In mathematics, the word constant conveys multiple meanings. As an adjective, it refers to non-variance (i.e. unchanging with respect to some other value); as a noun, it has two different meanings:

A fixed and well-defined number or other non-changing mathematical object. The terms mathematical constant or physical constant are sometimes used to distinguish this meaning.^[1]
A function whose value remains unchanged (i.e., a constant function ).^[2] Such a constant is commonly represented by a variable which does not depend on the main variable(s) in question.

For example, a general quadratic function is commonly written as:

ax^{2}+bx+c\,,

where $a$ , $b$ and $c$ are constants (or parameters), and $x$ a variable—a placeholder for the argument of the function being studied. A more explicit way to denote this function is

x\mapsto ax^{2}+bx+c\,,

which makes the function-argument status of $x$ (and by extension the constancy of $a$ , $b$ and $c$ ) clear. In this example $a$ , $b$ and $c$ are coefficients of the polynomial. Since $c$ occurs in a term that does not involve $x$ , it is called the constant term of the polynomial and can be thought of as the coefficient of $x 0$ . More generally, any polynomial term or expression of degree zero (no variable) is a constant.^[3]^: 18

Constant function

A constant may be used to define a constant function that ignores its arguments and always gives the same value.^[4] A constant function of a single variable, such as $f(x)=5$ , has a graph of a horizontal line parallel to the x-axis.^[5] Such a function always takes the same value (in this case 5), because the variable does not appear in the expression defining the function.

Context-dependence

The context-dependent nature of the concept of "constant" can be seen in this example from elementary calculus:

{\begin{aligned}{\frac {d}{dx}}2^{x}&=\lim _{h\to 0}{\frac {2^{x+h}-2^{x}}{h}}=\lim _{h\to 0}2^{x}{\frac {2^{h}-1}{h}}\\[8pt]&=2^{x}\lim _{h\to 0}{\frac {2^{h}-1}{h}}&&{\text{since }}x{\text{ is constant (i.e. does not depend on }}h{\text{)}}\\[8pt]&=2^{x}\cdot \mathbf {constant,} &&{\text{where }}\mathbf {constant} {\text{ means not depending on }}x.\end{aligned}}

"Constant" means not depending on some variable; not changing as that variable changes. In the first case above, it means not depending on h; in the second, it means not depending on x. A constant in a narrower context could be regarded as a variable in a broader context.

Notable mathematical constants

Some values occur frequently in mathematics and are conventionally denoted by a specific symbol. These standard symbols and their values are called mathematical constants.
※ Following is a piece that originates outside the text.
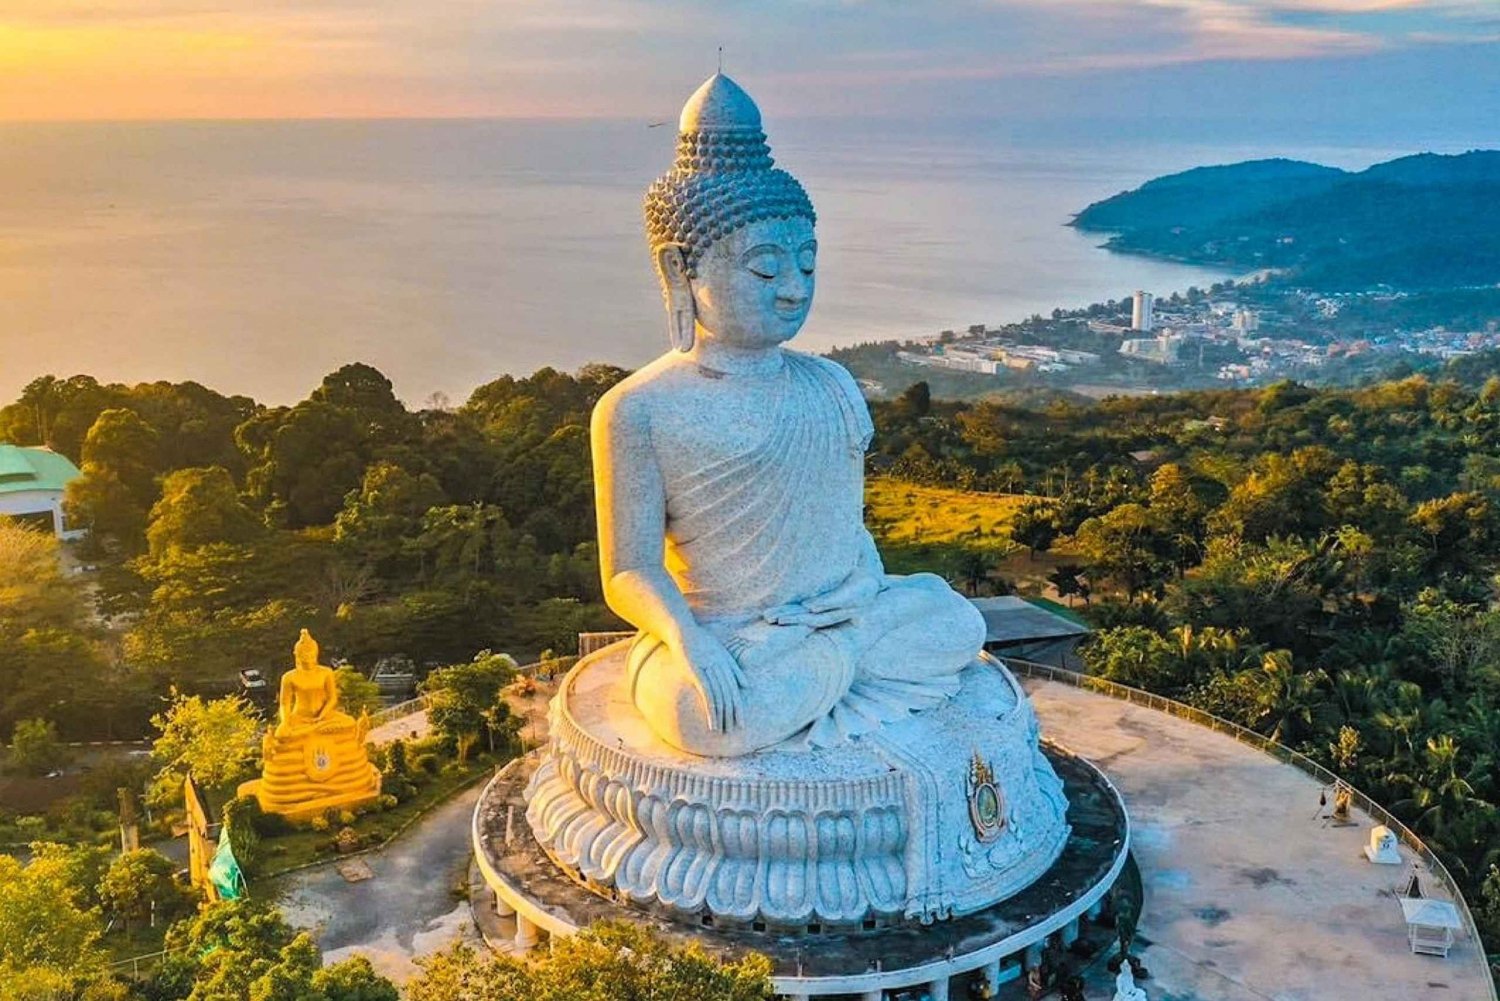 Phuket : visite guidée du Big Buddha, de la vieille ville de Phuket et du Wat Chalong

Examples include:

0 (zero).
1 (one), the natural number after zero.
$π$ (pi), the constant representing the ratio of a circle's circumference to its diameter, approximately equal to 3.141592653589793238462643.^[6]
$e$ , approximately equal to 2.718281828459045235360287.^[7]
$i$ , the imaginary unit such that $i 2 = -1$ .^[8]
${\sqrt {2}}$ (square root of 2), the length of the diagonal of a square with unit sides, approximately equal to 1.414213562373095048801688.^[9]
$φ$ (golden ratio), approximately equal to 1.618033988749894848204586, or algebraically, $1+{\sqrt {5}} \over 2$ .^[10]

Constants in calculus

In calculus, constants are treated in several different ways depending on the operation. For example, the derivative (rate of change) of a constant function is zero. This is because constants, by definition, do not change. Their derivative is hence zero.

Conversely, when integrating a constant function, the constant is multiplied by the variable of integration.

During the evaluation of a limit, a constant remains the same as it was before and after evaluation.

Integration of a function of one variable often involves a constant of integration. This arises due to the fact that the integral is the inverse (opposite) of the derivative meaning that the aim of integration is to recover the original function before differentiation. The derivative of a constant function is zero, as noted above, and the differential operator is a linear operator, so functions that only differ by a constant term have the same derivative. To acknowledge this, a constant of integration is added to an indefinite integral; this ensures that all possible solutions are included. The constant of integration is generally written as 'c', and represents a constant with a fixed but undefined value.

Examples

If $f$ is the constant function such that $f(x)=72$ for every $x$ then

{\begin{aligned}f'(x)&=0\\\int f(x)\,dx&=72x+c\\\lim _{x\rightarrow 0}f(x)&=72\end{aligned}}

Related Research Articles

In mathematics, the derivative of a function of a real variable measures the sensitivity to change of the function value with respect to a change in its argument. Derivatives are a fundamental tool of calculus. For example, the derivative of the position of a moving object with respect to time is the object's velocity: this measures how quickly the position of the object changes when time advances.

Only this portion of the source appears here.